Manual input factors: Road width; Vehicles’ speed; Vehicles’ direction; Accident location; Drivers’ information (name, age...); Exact time (hh:mm:ss).
Assumptions: Both actors involved in the crash are cars; Vehicle A is the car from which the crash video was recorded; Both actors come from different ways.
It is also important to note that the current version of the system is only for crossroad crashes with traffic lights that involve two cars and taking as input only one crash video at a time.
3.1. Design of the System
To implement a system that can evaluate actors’ responsibilities within a crash using the crash video as the input data source, there is a need to implement distinct modules that can work together to achieve the final goal. The system is a set of three different modules, each having a specific job and working independently to achieve one sub-goal of the entire system. The first module is a module that can detect the crash time in a video and split the crash interval in that video into images for object detection. The second module is a module that can detect, in an image, crucial information used to evaluate responsibilities in a crash (such as traffic lights). The third and last module is a module based on a rule-based knowledge system of road rules that can use an inference engine to derive actors’ responsibilities within a crash.
Figure 1 shows the architecture of the system with the three modules.
All of these three modules contribute to having a complete system that passes through five distinct steps to evaluate the responsibilities of actors within a crash: (1) The detection of the crash time in the video recorded by the driving recorder of the vehicle; (2) the split of that video into a 10 s video (5 s each, before and after the crash time); (3) the split of the 10 s video, frame by frame, into images that can be used by a model for object detection; (4) the detection of important objects in the video, such as traffic lights and cars; (5) the evaluation of the percentage of fault (degree of negligence) of each actor based on road rules using a rule-based knowledge system.
We implemented an easy-to-use and ergonomic user interface that allows the user to upload his crash video and get the result of the responsibilities’ evaluation in three steps.
Figure 2 shows a screenshot of the interface with the steps that the user must follow to get the final result of the evaluation.
3.2. Crash Time Detection Module
This module is the first one and the starting point of the system. It detects the time of the crash in the crash video, splits that video into a 10 s video (5 s each before and after the crash), and splits that 10 s video, frame by frame, into images. It consists of three main tasks: the detection of the crash time in the crash video, the split of the crash video into a 10s video, and the split of the 10 s video into images.

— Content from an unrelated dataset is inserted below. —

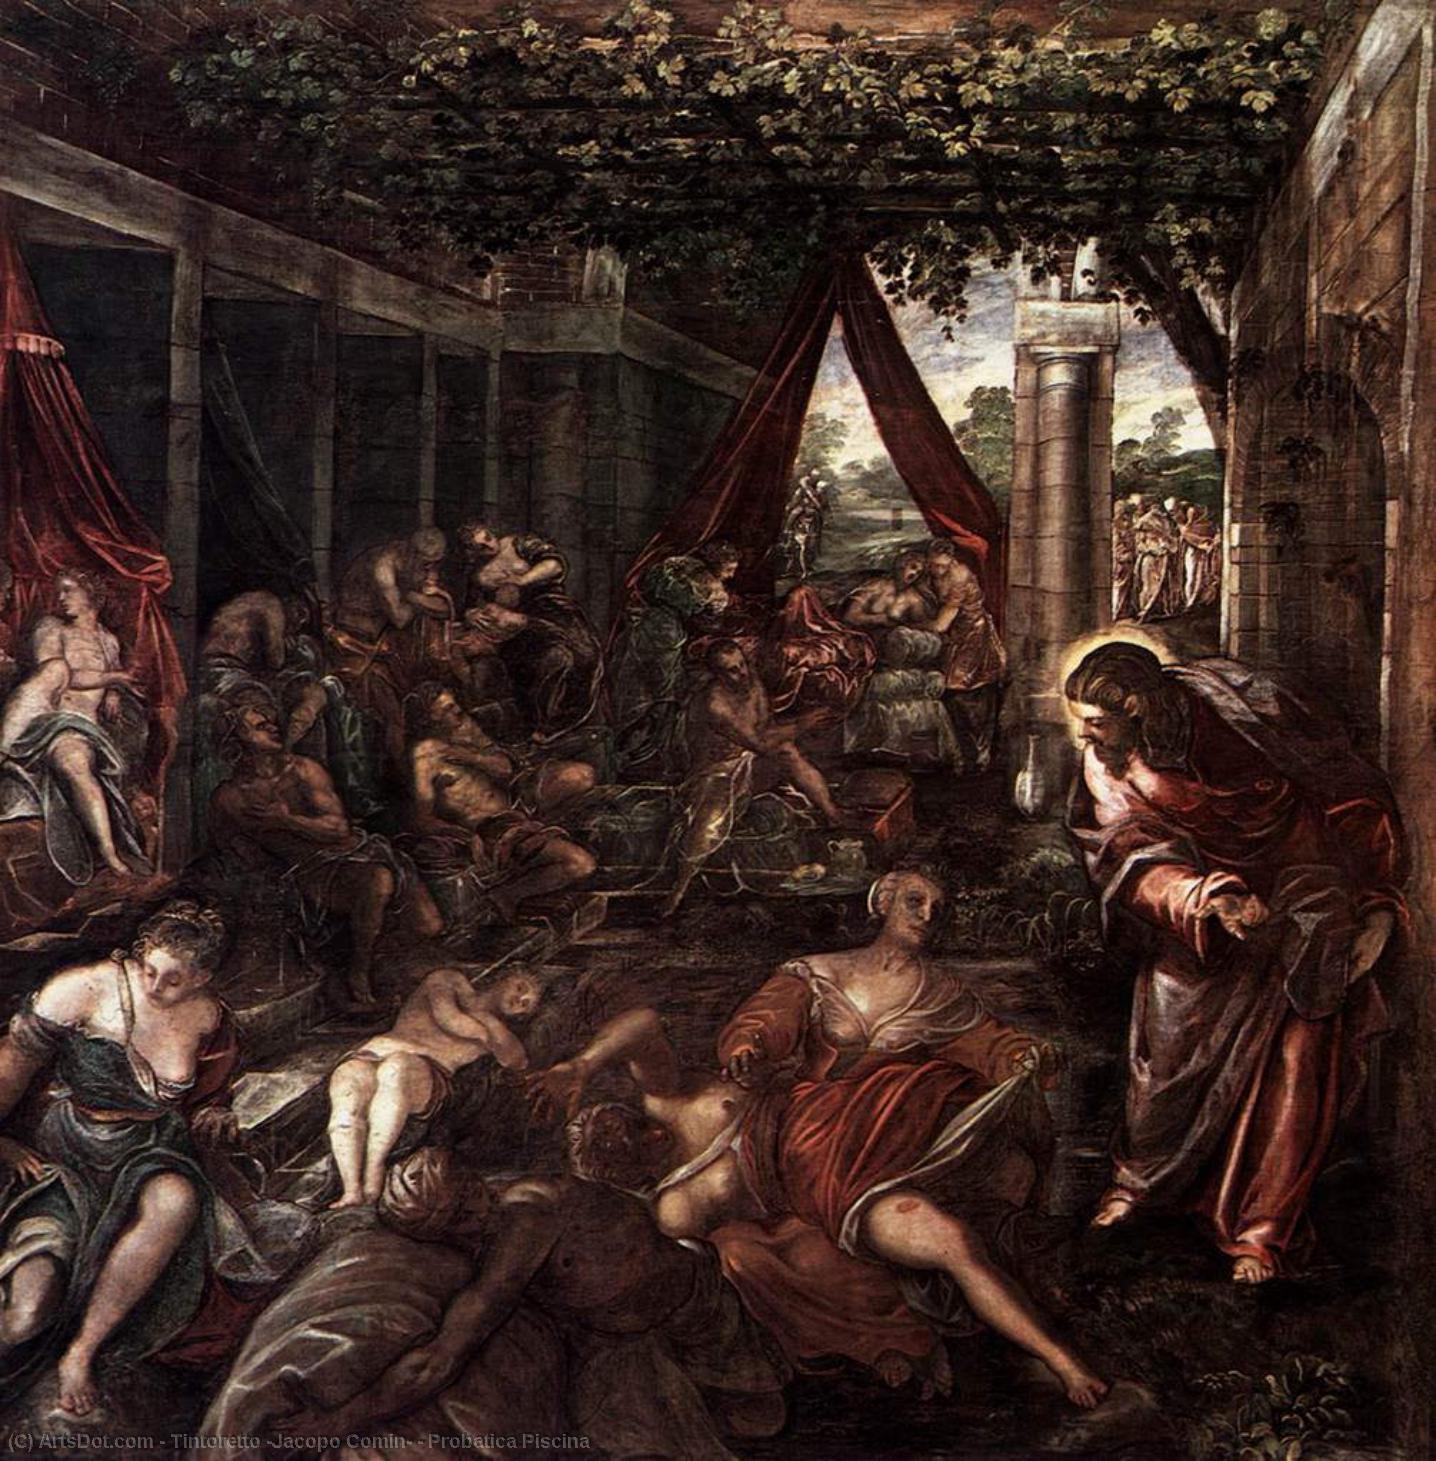 Kauf Museum Kunstreproduktionen Probatica Piscina, 1559 von Tintoretto (Jacopo Comin) (1518-1594, Italy) | ArtsDot.com

Detection of the Crash Time in the Crash Video
To detect the crash time in a video, we created a custom object detection model that can detect a crash using YOLOv5 (
https://doi.org/10.5281/zenodo.7002879 (accessed on 8 September 2022)). YOLOv5 is a family of object detection architectures and models pretrained on the COCO dataset [
45]. It is one of the fastest versions in the YOLO series. YOLO [
46] an acronym for ’You only look once’, is a convolutional neural network for performing object detection in real time. It is an object detection algorithm that divides images into a grid system. Each cell in the grid is responsible for detecting objects within itself. YOLO is one of the most famous object detection algorithms due to its speed and accuracy. Many works related to car traffic have used YOLOv5 to detect traffic signals [
47,
48], obstacles [
49], traffic flow [
50], or to classify vehicles [
51].
In this study, YOLOv5 was used to detect a crash within a video. We used 1530 images of head-on crashes to train our YOLOv5 model and get it ready for crash detection.
4. Dataset Building
Our dataset has a particularity because of some criteria it has to meet:
To build a custom dataset with enough images that meet these criteria, we had to extract these images from videos. We used YouTube as a source of data. YouTube is a well-known online platform where we can find many kinds of crash videos, including the ones of interest to us. However, it requires a manual and long job to get the ones that meet our dataset criteria. We started by searching compilation videos of crossroad accidents recorded by driving recorders that we could collect manually. The major part of the compilation videos we found was not dedicated only to head-on crashes in the context of crossroad accidents. Most of them were a compilation of all kinds of car crashes that occurred in the United States of America, Thailand, Russia, and India with the driving recorders, not necessarily the ones of the vehicles involved in the crash. Therefore, we had to watch all the videos and select the parts containing the kinds of crashes and angles of recording of interest to us. In total, we watched 103 videos (each one having an average of 15 min in length) and finally selected 68 of them. We selected those compilation videos based on acceptable image quality (480 p and above), the fact that they have at least one video related to a head-on crash in a crossroad accident context, and the fact that the crash details are clear enough to use the images during the labeling step. After collecting the compilation videos, we had to extract and resize the frames (images) of the parts that we were interested in. We used the library OpenCV (Open Source Computer Vision) to extract the frames and scikit-image (
https://scikit-image.org/ (accessed on 11 May 2022)) to modify and resize them so that they have the same size and structure. For homogeneity and consistency in the data, the frames of the videos were converted to a lower width (500 pixels).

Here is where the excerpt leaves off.